§ **Task description**: Copy the entries exactly, through the "hôtel en France" line.

§ **Listed entries**:
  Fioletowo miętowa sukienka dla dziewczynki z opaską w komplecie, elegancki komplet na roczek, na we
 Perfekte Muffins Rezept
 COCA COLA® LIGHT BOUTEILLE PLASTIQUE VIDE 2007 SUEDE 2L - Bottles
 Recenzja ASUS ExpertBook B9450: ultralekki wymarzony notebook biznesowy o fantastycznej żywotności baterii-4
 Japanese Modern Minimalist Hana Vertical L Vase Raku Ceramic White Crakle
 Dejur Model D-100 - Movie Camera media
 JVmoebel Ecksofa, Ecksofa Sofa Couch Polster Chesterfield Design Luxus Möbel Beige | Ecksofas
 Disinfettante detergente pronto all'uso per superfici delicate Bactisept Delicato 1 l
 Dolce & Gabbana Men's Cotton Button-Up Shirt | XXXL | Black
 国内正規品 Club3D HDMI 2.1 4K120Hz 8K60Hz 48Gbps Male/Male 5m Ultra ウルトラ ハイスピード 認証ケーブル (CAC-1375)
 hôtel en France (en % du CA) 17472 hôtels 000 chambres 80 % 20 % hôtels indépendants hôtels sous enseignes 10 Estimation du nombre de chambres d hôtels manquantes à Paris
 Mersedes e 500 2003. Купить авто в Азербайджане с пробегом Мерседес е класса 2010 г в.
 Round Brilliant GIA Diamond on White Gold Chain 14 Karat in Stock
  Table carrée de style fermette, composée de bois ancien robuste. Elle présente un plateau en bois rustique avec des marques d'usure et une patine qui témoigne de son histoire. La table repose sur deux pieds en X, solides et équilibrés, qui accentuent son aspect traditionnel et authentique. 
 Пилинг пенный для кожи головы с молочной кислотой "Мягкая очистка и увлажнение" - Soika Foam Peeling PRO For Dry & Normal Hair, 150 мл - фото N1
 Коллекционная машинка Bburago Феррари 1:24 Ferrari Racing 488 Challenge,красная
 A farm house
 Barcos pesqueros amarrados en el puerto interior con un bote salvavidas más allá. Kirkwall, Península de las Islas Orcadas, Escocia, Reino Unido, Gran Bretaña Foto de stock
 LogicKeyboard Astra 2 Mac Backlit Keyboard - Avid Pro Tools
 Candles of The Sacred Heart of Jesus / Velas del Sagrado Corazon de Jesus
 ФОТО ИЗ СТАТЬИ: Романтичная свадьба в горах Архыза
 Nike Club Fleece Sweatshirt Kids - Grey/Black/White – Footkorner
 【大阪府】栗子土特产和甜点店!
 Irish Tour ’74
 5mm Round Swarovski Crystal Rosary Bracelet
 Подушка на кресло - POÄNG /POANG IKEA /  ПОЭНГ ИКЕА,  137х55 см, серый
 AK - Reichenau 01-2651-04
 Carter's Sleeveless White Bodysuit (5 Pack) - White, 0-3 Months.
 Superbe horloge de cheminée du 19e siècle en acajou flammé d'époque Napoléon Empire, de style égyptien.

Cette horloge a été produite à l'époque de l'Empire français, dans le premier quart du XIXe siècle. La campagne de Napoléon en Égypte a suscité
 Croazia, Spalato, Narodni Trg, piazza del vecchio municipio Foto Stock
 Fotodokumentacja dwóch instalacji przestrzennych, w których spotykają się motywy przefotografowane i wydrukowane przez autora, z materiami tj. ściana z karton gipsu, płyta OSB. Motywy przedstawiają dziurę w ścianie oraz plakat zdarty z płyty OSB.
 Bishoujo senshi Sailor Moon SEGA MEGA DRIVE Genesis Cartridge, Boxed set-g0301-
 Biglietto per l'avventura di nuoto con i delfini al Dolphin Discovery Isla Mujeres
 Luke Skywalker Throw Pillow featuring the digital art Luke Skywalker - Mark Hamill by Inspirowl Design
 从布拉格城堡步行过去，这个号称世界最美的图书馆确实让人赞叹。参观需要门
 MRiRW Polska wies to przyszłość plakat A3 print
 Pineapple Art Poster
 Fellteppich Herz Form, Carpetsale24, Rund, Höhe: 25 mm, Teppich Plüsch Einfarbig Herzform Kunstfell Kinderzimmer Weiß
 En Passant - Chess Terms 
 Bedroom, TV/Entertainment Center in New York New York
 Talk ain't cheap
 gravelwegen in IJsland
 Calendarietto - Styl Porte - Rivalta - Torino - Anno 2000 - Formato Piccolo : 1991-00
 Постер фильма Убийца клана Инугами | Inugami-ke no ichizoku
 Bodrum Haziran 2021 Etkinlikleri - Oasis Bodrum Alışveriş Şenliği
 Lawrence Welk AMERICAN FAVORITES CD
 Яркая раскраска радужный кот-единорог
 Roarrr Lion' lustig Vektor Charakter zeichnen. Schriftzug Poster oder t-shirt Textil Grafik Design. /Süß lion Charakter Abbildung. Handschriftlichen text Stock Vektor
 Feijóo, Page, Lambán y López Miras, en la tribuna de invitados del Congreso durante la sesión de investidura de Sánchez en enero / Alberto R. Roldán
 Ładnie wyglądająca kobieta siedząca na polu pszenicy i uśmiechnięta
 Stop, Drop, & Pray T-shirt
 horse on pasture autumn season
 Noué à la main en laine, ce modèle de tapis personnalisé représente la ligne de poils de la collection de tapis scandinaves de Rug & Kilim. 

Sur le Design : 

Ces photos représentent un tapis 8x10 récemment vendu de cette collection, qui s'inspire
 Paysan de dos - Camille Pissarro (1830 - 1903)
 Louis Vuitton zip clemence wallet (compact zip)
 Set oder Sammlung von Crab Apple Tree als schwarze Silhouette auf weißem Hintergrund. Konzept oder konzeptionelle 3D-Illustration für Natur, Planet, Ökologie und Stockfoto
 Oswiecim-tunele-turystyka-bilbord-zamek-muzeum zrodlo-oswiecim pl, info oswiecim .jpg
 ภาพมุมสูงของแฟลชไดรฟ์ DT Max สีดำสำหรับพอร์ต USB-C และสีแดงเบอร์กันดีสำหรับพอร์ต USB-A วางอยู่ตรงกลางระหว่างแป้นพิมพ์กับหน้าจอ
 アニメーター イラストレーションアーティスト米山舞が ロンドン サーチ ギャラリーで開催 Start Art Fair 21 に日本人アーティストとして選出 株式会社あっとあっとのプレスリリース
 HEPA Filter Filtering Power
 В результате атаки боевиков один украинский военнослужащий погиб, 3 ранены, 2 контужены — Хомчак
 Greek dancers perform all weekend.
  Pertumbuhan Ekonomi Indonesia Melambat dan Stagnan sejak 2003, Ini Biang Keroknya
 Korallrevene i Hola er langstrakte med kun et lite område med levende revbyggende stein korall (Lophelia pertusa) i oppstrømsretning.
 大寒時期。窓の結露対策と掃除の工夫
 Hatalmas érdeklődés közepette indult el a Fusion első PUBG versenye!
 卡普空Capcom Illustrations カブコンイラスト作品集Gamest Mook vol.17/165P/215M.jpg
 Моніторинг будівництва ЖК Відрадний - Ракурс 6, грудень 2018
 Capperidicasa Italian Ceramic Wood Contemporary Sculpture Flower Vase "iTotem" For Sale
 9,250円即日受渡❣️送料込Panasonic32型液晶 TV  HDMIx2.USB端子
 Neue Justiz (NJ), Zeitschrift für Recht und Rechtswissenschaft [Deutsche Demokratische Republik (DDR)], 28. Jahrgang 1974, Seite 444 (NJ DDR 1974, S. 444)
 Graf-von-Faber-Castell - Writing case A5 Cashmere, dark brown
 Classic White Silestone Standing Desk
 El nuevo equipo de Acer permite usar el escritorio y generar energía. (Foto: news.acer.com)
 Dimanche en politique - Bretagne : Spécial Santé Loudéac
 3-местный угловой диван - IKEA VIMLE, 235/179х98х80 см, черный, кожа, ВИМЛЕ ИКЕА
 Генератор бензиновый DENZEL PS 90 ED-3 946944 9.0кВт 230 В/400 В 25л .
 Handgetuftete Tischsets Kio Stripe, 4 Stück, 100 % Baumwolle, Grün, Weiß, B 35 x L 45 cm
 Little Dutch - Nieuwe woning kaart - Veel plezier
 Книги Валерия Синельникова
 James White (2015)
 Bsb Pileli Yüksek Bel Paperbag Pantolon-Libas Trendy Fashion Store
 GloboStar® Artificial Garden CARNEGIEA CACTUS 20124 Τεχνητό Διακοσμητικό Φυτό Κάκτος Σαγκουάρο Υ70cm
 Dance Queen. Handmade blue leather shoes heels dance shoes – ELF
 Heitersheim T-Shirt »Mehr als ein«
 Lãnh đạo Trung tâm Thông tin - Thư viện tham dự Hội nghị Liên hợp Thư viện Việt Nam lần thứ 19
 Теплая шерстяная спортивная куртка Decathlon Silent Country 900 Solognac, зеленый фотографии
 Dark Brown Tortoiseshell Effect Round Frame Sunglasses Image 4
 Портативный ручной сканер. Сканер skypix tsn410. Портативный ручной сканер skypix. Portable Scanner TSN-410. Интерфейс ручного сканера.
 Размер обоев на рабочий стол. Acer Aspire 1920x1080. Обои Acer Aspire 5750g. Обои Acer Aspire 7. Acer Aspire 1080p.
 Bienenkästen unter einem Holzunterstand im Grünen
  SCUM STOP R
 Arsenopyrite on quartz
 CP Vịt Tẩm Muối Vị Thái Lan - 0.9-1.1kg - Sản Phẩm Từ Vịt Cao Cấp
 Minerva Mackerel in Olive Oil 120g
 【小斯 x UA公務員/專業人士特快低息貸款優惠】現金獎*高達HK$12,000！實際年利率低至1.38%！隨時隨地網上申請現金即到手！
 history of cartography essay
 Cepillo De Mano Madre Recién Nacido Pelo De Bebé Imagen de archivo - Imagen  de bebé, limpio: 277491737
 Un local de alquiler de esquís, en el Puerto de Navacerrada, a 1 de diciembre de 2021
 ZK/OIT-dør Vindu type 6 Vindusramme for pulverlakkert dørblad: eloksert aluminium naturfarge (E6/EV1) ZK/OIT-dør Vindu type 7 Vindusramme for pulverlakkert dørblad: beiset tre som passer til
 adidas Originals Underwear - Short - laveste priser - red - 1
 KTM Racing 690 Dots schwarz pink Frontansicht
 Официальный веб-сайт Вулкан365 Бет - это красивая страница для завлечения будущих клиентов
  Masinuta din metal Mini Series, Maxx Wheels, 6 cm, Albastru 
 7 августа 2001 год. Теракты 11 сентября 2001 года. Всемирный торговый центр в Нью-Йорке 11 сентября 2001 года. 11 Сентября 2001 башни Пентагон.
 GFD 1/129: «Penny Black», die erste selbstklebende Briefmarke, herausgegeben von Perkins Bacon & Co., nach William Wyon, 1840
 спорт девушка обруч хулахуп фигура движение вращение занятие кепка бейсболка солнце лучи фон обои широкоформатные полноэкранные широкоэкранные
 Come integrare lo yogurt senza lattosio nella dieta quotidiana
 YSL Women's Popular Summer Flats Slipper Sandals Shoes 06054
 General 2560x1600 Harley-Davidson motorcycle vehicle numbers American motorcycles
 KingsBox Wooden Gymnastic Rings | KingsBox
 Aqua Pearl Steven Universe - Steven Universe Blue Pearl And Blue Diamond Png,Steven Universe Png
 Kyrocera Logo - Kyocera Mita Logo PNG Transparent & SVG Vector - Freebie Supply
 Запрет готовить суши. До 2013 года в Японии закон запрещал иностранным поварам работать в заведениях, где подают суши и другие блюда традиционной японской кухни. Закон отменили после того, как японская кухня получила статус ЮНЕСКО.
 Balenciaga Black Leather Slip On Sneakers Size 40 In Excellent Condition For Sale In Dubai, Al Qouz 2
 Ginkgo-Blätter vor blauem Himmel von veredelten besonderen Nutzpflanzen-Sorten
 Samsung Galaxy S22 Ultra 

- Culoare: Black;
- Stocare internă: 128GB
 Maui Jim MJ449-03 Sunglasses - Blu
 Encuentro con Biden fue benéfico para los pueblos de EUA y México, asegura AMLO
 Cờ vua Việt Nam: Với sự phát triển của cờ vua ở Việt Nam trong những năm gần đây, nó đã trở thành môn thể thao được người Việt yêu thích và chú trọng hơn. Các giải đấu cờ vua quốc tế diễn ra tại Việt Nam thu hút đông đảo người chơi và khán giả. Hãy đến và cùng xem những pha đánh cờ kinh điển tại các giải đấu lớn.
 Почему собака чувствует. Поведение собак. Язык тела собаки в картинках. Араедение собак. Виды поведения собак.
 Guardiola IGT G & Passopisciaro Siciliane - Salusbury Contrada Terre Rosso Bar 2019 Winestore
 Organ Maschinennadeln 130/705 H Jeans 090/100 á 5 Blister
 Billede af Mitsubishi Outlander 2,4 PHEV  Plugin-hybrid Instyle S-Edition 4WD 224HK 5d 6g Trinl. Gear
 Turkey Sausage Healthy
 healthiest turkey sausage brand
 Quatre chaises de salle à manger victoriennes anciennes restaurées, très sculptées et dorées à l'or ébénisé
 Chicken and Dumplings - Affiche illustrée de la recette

§ **Written response**:
  Fioletowo miętowa sukienka dla dziewczynki z opaską w komplecie, elegancki komplet na roczek, na we
 Perfekte Muffins Rezept
 COCA COLA® LIGHT BOUTEILLE PLASTIQUE VIDE 2007 SUEDE 2L - Bottles
 Recenzja ASUS ExpertBook B9450: ultralekki wymarzony notebook biznesowy o fantastycznej żywotności baterii-4
 Japanese Modern Minimalist Hana Vertical L Vase Raku Ceramic White Crakle
 Dejur Model D-100 - Movie Camera media
 JVmoebel Ecksofa, Ecksofa Sofa Couch Polster Chesterfield Design Luxus Möbel Beige | Ecksofas
 Disinfettante detergente pronto all'uso per superfici delicate Bactisept Delicato 1 l
 Dolce & Gabbana Men's Cotton Button-Up Shirt | XXXL | Black
 国内正規品 Club3D HDMI 2.1 4K120Hz 8K60Hz 48Gbps Male/Male 5m Ultra ウルトラ ハイスピード 認証ケーブル (CAC-1375)
 hôtel en France (en % du CA) 17472 hôtels 000 chambres 80 % 20 % hôtels indépendants hôtels sous enseignes 10 Estimation du nombre de chambres d hôtels manquantes à Paris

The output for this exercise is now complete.